In this way, a CHO cell surface display library was constructed, where endogenous antibody hot spots were randomized. There are 6 CDRs (3 in the heavy chain and 3 in the L) containing antigen binding in the antibody. CDR3 of the C9 VH gene was randomized by PCR with primers to mutate the CDR3 sequence (CACAACTGGTATCACTTTTGACTCC) to NNSNNSNSNSNSNSNSNSNSNSNS and replaced with the parent C9 VH gene of pcDNA5FRT / C9IgG. The CDRH3 randomized IgG (CDRH3r) library was transduced into E. coli cells and the library complexity was composed of 1.0 × 10 ⁶ independent clones. The library was then transfected into Flp-In-CHO cells with pOG44 and mutant IgG with artificially randomized hot spots was expressed on the cell surface. Isolation of CHO cell surface display library of mutant IgG with high reactivity to FcεRIα Transfection of one well in a 12-well plate resulted in 1 of transfected Flp-In-CHO cells after antibiotic selection. 3 × 10 ⁴ clones could be produced.

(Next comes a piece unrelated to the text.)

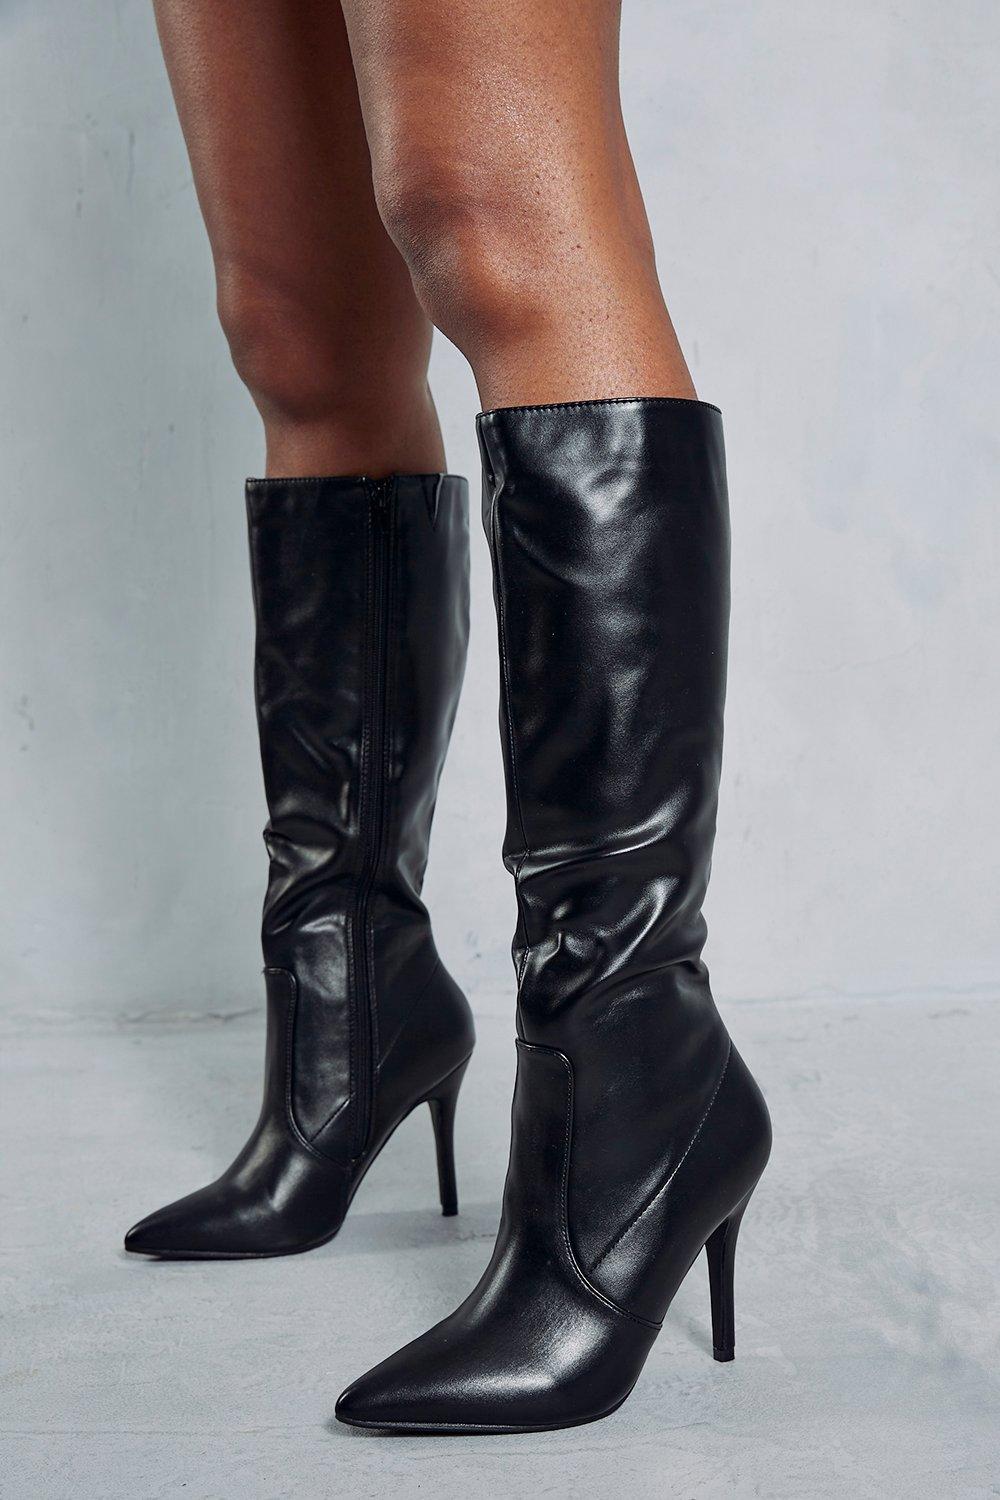 Кожаные сапоги до колена с острым носком MISSPAP, черный женские кожаные сапоги на шпильке черные сапоги выше колена с острым носком и боковой молнией 2024

[3] Flow cytometry Transfected Flp-In-CHO cells (2 × 10 ⁵ cells) were collected in a 1.5 ml Eppendorf tube and washed with PBE. Cells were incubated in 50 μl PBE with 2 μl PE-conjugated mouse anti-human IgG (H) antibody (Beckman Coulter) or 2 μl PE-conjugated mouse anti-human Igκ antibody (Beckman Coulter). After 15 minutes incubation at 4 ° C., the cells were washed with PBE and resuspended with 500 μl PBE. The fluorescence emitted by the cells was measured with a FACSAria ™ Cell Sorter (BD Biosciences).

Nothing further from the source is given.